Sadly, sidecar isn’t available in Spring Initializr, so you have to manually add following maven dependency to your Spring Boot application:
<dependency>
    <groupId>org.springframework.cloud</groupId>
    <artifactId>spring-cloud-netflix-sidecar</artifactId>
</dependency>
After adding the dependency you can annotate your main class with the @EnableSidecarannotation.

It would not be a proper Spring application if you wouldn’t have to create an application.yml and add all the necessary configuration, so let’s do this.
server:
  port: 5678

spring:
  application:
    name: lumen-service

eureka:
  client:
    serviceUrl:
      defaultZone: ${EUREKA_URI:http://localhost:8761/eureka}
  instance:
    preferIpAddress: true

sidecar:
  port: ${SIDECAR_PORT:8000}
  health-uri: ${SIDECAR_HEALTH_URI:http://localhost:8000/health}
We have to tell the sidecar application on which port to run and what it’s name is. Note that the spring.application.name property is the one getting displayed on your Eureka dashboard. Furthermore we have to tell the application where the registry server is located.

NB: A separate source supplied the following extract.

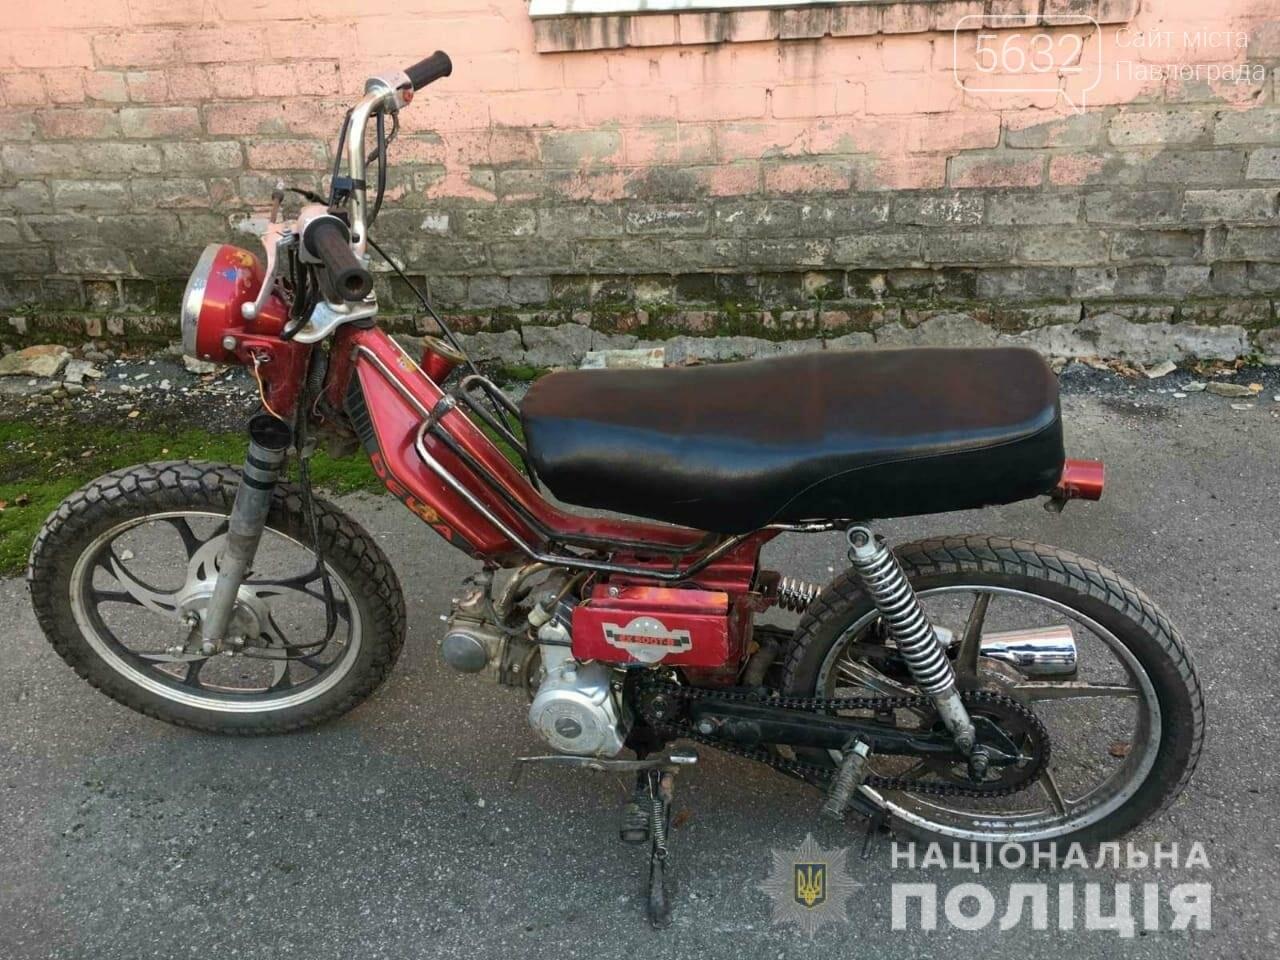 В Терновке у местного жителя украли мопед прямо со двора дома, фото-1

The important configuration are the
  • sidecar.port: This is the port your non-JVM application is listening on.
  • sidecar.health-uri: This is the REST endpoint of your non-JVM where you implemented a health check.
The configured health check REST endpoint should return a JSON document looking like this:
{
   "status": "UP"
}

Implementing such a simple health check in Lumen is pretty easy, just add the following code snippet in your web.php located in the routes folder of your project:
$router->group(['prefix' => 'health'], function () use ($router) {

    $router->get('', function () {
        return response()->json(['status' => 'UP'])
    });

});
And that’s all you have to change in your non-JVM application to get all the advantages of the Spring Cloud ecosystem.


Roundup

In this post I showed you how to include a non-JVM application in your Spring Cloud ecosystem. This can be done by creating a Spring boot application with the sidecar dependency and some configuration and adding a simple health check to your service.


I hope I was able to help some people with this post!